Тогда, лёжа «ненастным», пропащим для «заработка» днём, он и вспоминал, как несколько лет назад к нему подошёл мужчина, обвешанный фотоаппаратурой. Нищенствуя, Юра привык в людях разбираться, пожалуй, лучше профессионального психолога (хоть и не знал об этом). Этот, наверное его ровесник, ни под какой из известных бомжу разрядов людей не подходил. Хотя по одёжке, по прикиду, был вроде как из «мажоров», но точно не мажор, точно не фраер, не из «новых», но и не из «бедных», не из просто мужиков, не из лохов??? А из каких? Только в разговоре, когда мужчина предложил фотографироваться, т.е. позировать ему, в какой-то квартире неподалёку, да ещё хоть и за небольшие, но «верные» деньги, до Юры дошло, что это действительно не просто человек, а — «Артист». Подобных он никогда не видал, только слыхивал, что есть на свете эдакие чудаки!

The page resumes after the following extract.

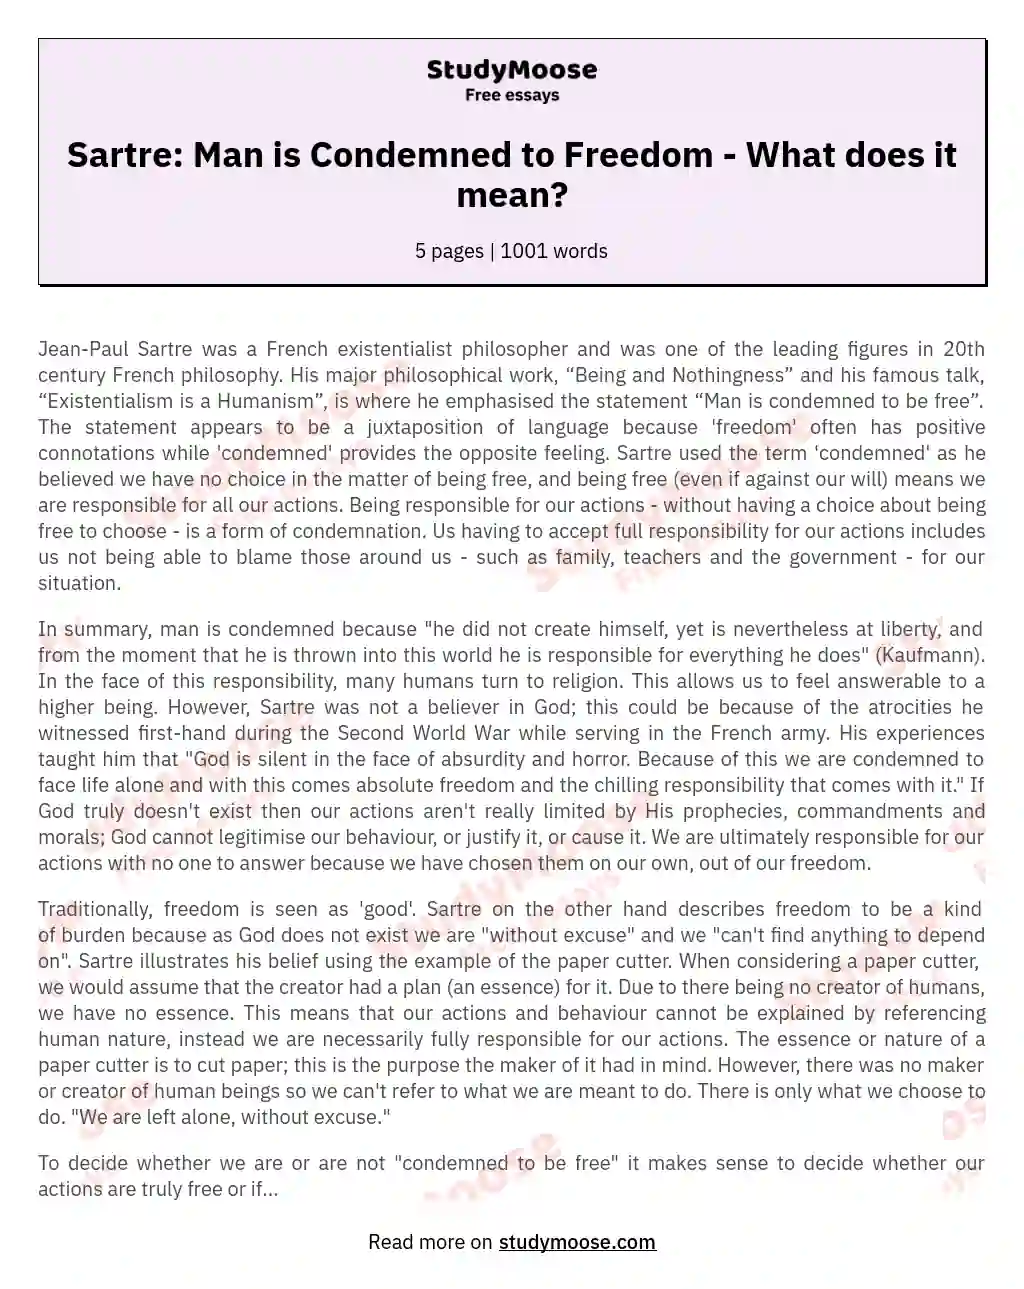 Sartre: Man is Condemned to Freedom - What does it mean? essay
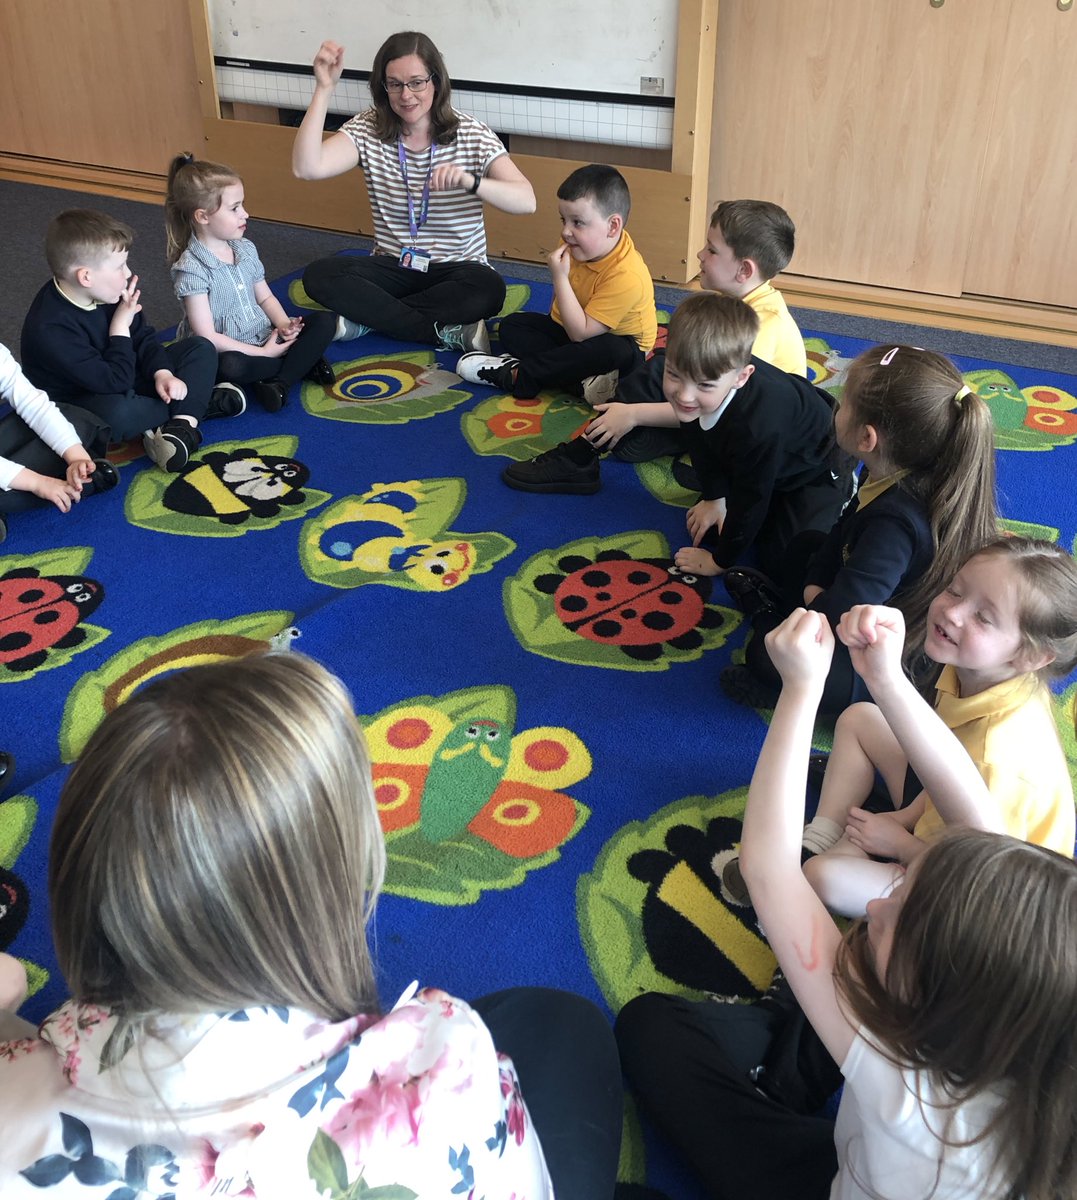 A snapshot from our Primary 1 YMI Music programme this week - amazing to see the progress in beat, rhythm and pitch skills across the full year! Thanks @camstraddenps @LangsidePri @nicolastevens0n @MurrayMarrian 🎶

Он, этот фотограф, оказался для всех известных Юре бомжей Харькова настоящим Благодетелем! Он их снимал в квартире, в настоящей тёплой, светлой квартире, с ванной и с уборной!!! Да за одно это, не говоря уже о выпивке и снеди, которой он угощал их, можно было его почти боготворить! Да и обращался он с ними уважительно, отвыкшие от этого всего, они на него готовы были молиться, как на святого! Те два месяца съёмок и для Юры и для других были словно бы из другой, непонятно и какой, жизни.

Фотограф часто исчезал, уезжал куда-то, но каждый раз, когда возвращался, «проведывал» своих бомжей, помогал, чем мог, то в одном, то в другом.

В эти же дни, когда не удавалось просить милостыню, Юра припоминал и своё «то», до бомжевания, существование. Ведь не родился же он человеком «без определённых занятий и определённого места жительства».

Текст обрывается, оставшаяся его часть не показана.